The smaller boats were necessary as the route had to stick to the contours of the land where possible, and therefore was unusually meandering – through much of the route it runs alongside the river Tamar.  More unusual still, the canal had to climb more than 130 metres above sea-level, and did so largely without locks (although the canal did use 2). 

Instead, it achieved this feat through 6 inclined planes – slopes without water – (one of the most impressive is just outside our village in North Tamerton though sadly not accessible to the public).  The tub boats had wheels on the bottom, and would be dragged up two rails on these slopes, pulled by chains and water wheels (or in some cases huge tanks of water lowering into a shaft). 
Up to 6 connected tub boats would be hauled by a team of horses, and the boatmen would have the tricky job of steering the boats by adjusting the connection between each one individually.
Despite its engineering ambition, unfortunately the canal wasn’t a massive success.  It lasted nearly 7 decades and provided an important service to farmers, but the vast weights of cargo and mechanical systems at the inclined planes meant that various elements were prone to failure – chains would snap, the rails would break, and the system was expensive to maintain.
Eventually, the railway reached Holsworthy and briefly, it looked as though it would improve the canal’s fortunes, as the mineral rich sand could be transported onwards by train. 
Inevitably though, the railway extended to Bude.  Moreover, mass production of cheaper fertilisers became more common, and this stock could now be transported by train to farmers in the region.
By 1891, the tub boats had ceased operation, and the canal was eventually bought by the council who use the Tamar Lakes to supply water to the local community to this day.
The sea lock at Bude is one of the last remaining examples in the country, and allowed large ships to enter depending on the tide. ​​


The Canal Today

Nowadays, the towpath as far as Helebridge is paved and in good condition, making it a very pleasant and accessible walk, suitable for mobility scooters and pushchairs.  You can also hire rowing boats (or some rather garish pedalos) from Bude, along with bikes and even kayaks.  

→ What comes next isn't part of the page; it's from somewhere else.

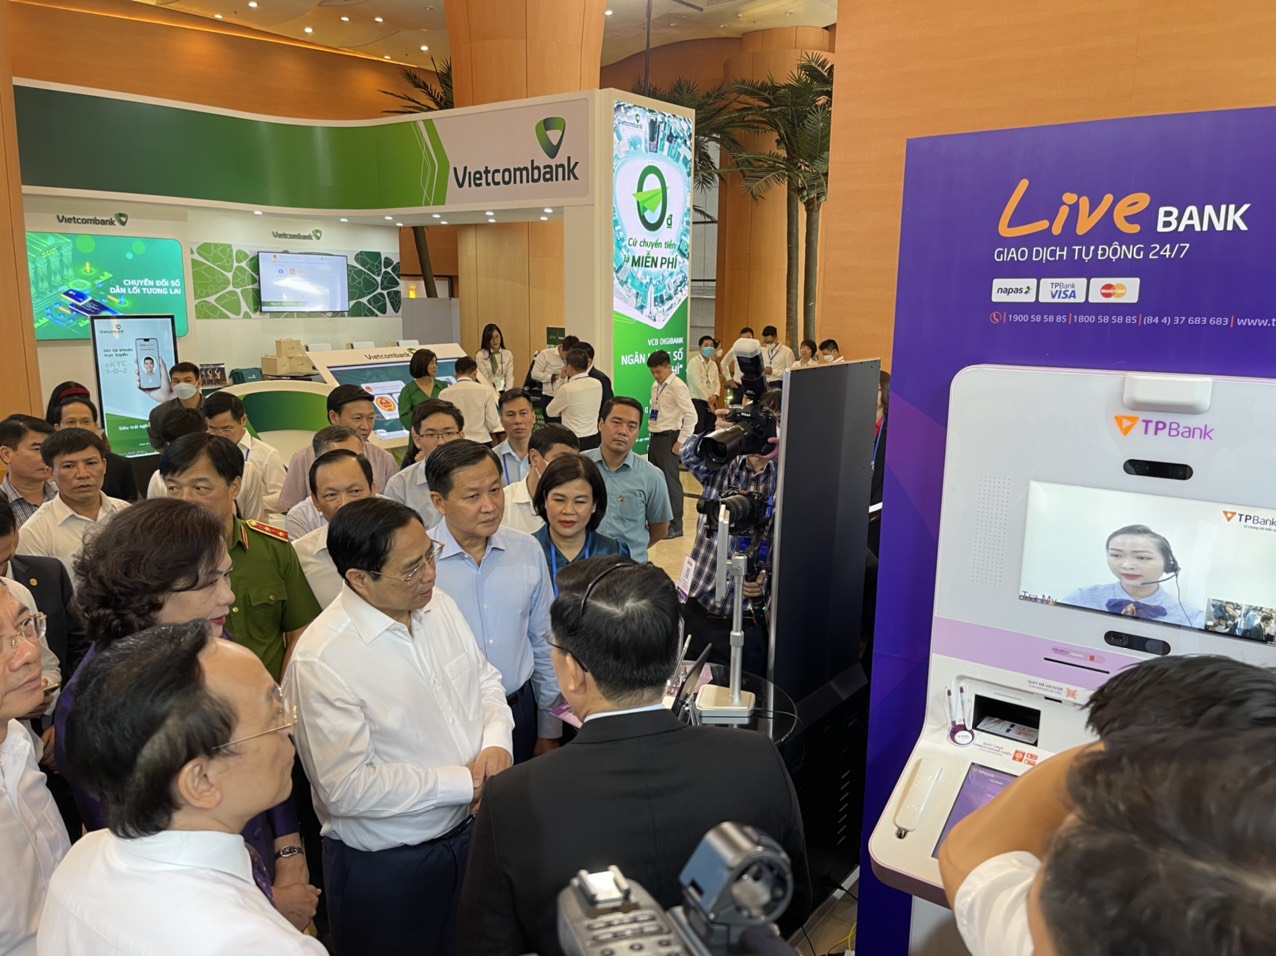 Thủ tướng Chính phủ trải nghiệm LiveBank,Voice pay của TPBank tại sự kiện số ngành Ngân hàng - Ảnh 2.

Even better, several establishments offer walkers refreshments, and here are a few of our picks:

  • The Lock Gates Tearoom, Bude.
    200m from the sea-lock, this is a charming little tea-room with simple but good quality dishes.  Great sea-food and plenty to offer gluten-free guests.
  • The Barge, Bude.
    This café on a barge is more than a novelty – serving light meals and cream teas, and it’s even dog-friendly.
  • The Falcon, Bude. 
    One of Bude’s oldest and best loved pubs overlooks the canal.  Decent pub grub at a reasonable price, and dog-friendly too.
  • The Olive Tree, Bude.
    Just across the canal from the Falcon is the Olive Tree, and very pleasant bistro restaurant and café with excellent food.  If the weather is nice enough, try to get yourself a seat outside.
  • Get Your Veg On, Bude.
    In the crescent car-park you may find the small unassuming yellow hut.  Serving a range of vegan, veggie and gluten-free street-food, this is a great idea if you forgot your picnic.
  • The Weir, Helebridge.
    If you manage the full 2 mile stretch of remaining canal, you will find yourself at The Weir Bistro.  A large, open plan restaurant and café with plenty of choice.  Very popular, and with a wildlife area, play area, and even allowing dogs, you can see why.

To find out more about the Bude canal, pop into Bude Tourist Information Centre, where they have more information including maps and routes.